The policy for transgender runners only comes into play for a transgender woman who places in the top 10 men and top 10 women or if a transgender woman is an age group winner. In that case, if somebody challenges the runner, then we can ask the transgender runner for documentation just to see that they have undergone supervised hormone therapy treatment for one year.

If someone is challenged and they do not meet our requirements for the one year of therapy, they have to return any age group award that they receive, but they get to keep their buckle so they are still considered finishers and they keep their buckle. The reason for that is because we wanted to make clear that this wasn't to be a punishment like with a doping violation or if there was some other type of rule violation where the runner would lose their buckle wouldn't be listed in the finishers.

On using transgender policies from other races to help craft its policy:

Actually there's a website that has all the policies from around the world. So that was very helpful. Most of them are policies that apply in the context of like a recreational league or the Olympics or colleges where people register ahead of time and have medical documentation that they submit. So our context was different. We really wanted to be as hands off and as unintrusive as possible and really have a live and let live attitude.

So from all those policies we adopted a policy that we accept at face value what people register as and then we. But to protect fair competition for people who are winning awards in the top 10 or age group winners, that is where the the the hormone therapy requirement comes into play.

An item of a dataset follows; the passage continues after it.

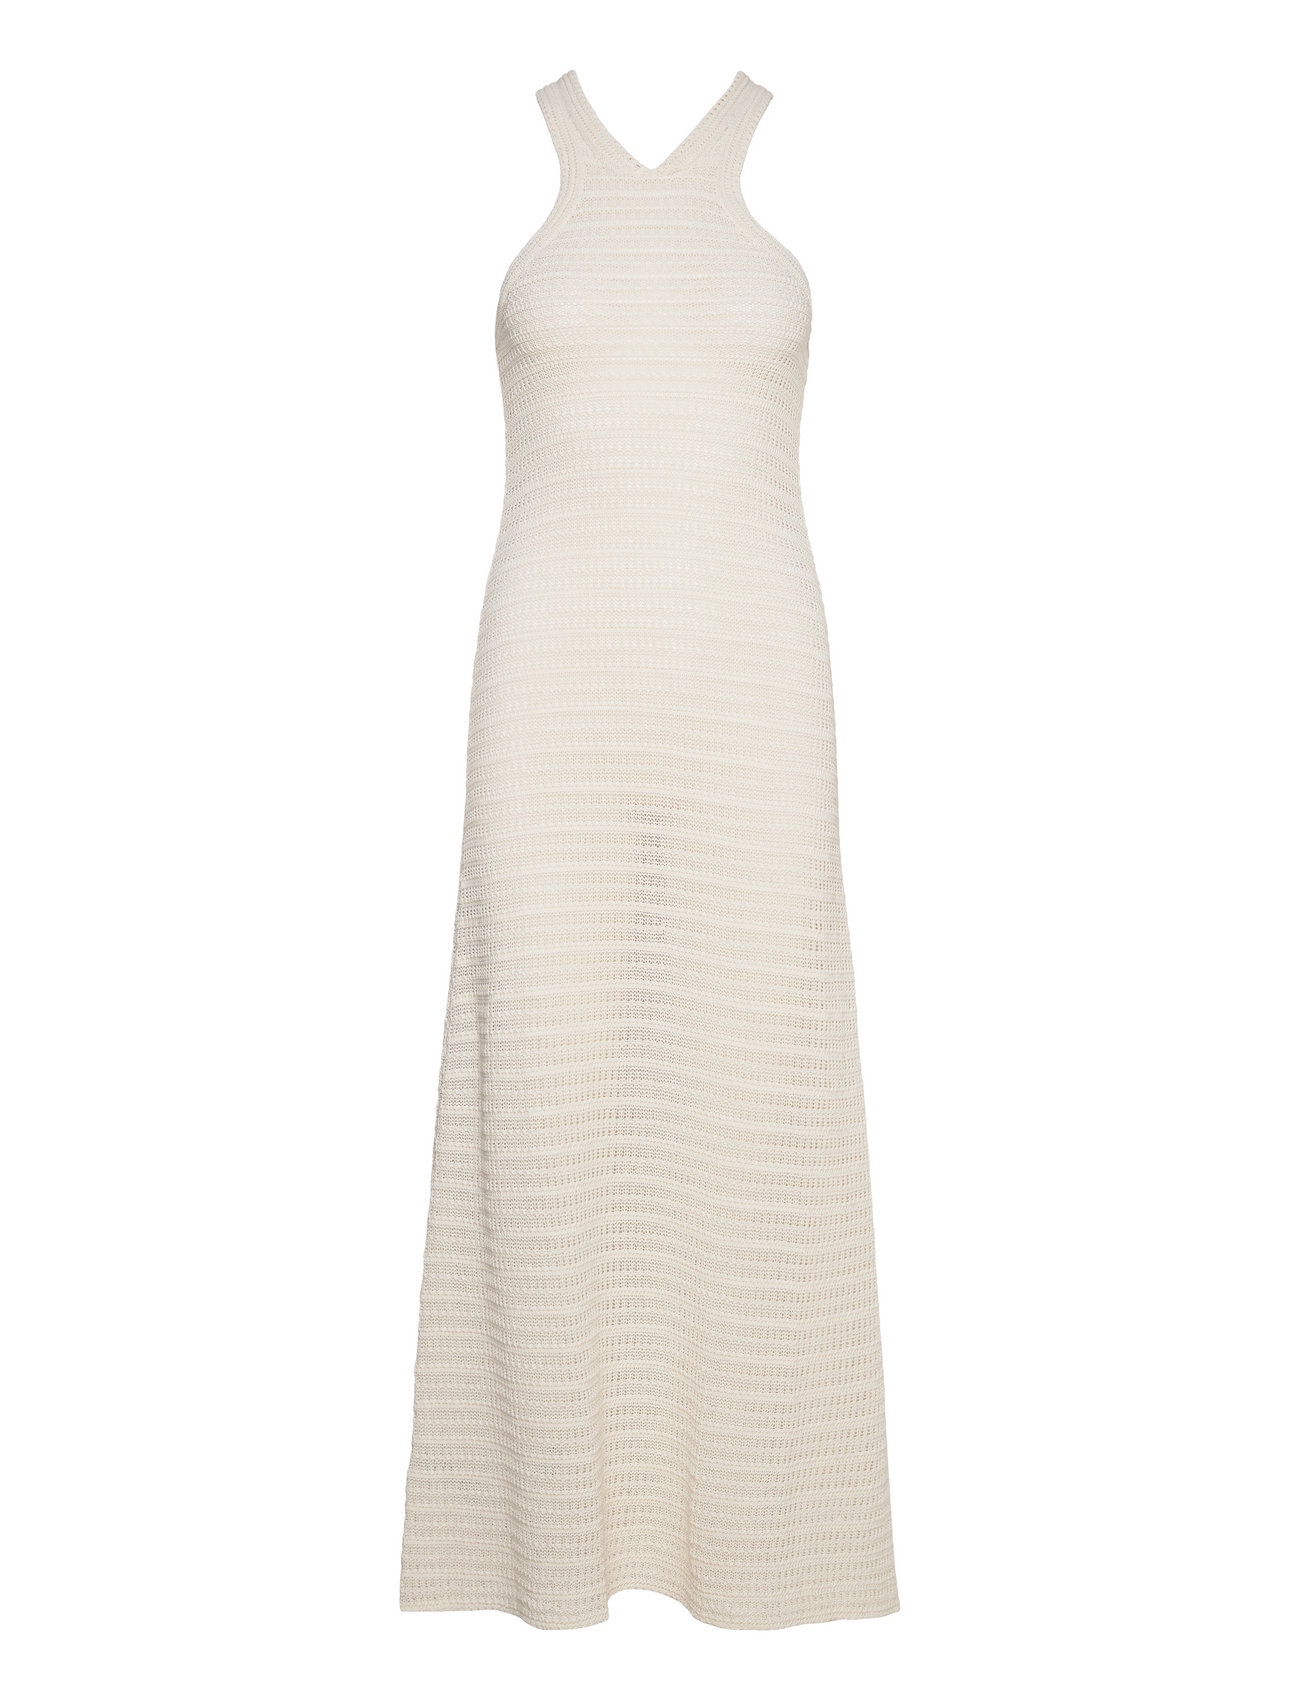 Halter-Neck Crochet Dress Maxiklänning Festklänning Cream Mango

On the response to the policy so far:

When we posted it on our website, we got a lot of comments. I would say for the most part they were very positive and supportive and felt it was fair, and I think that really reflects the running community in general especially at an event like Western States. You know, there are few (runners) who are competing for the top 10 spots, but otherwise most people are really just out there doing their own thing, whether it's to break 24 (hours) or to get a bronze buckle by breaking 30 (hours) or somewhere in between. There were some negative comments, but I don't think it's reflective of the running community in general.

On what message the race wants to send with the policy:

I think the main thing that we wanted to get across was that transgender runners, like everyone else, they're welcome to run at our race. We wanted to be inclusive, and we also wanted to be fair for competition, which is why we do have the requirement about hormone therapy. And I think in talking to Grace (Fisher) and others, that they do appreciate having a policy so that there isn't any ambiguity or confusion or anything else.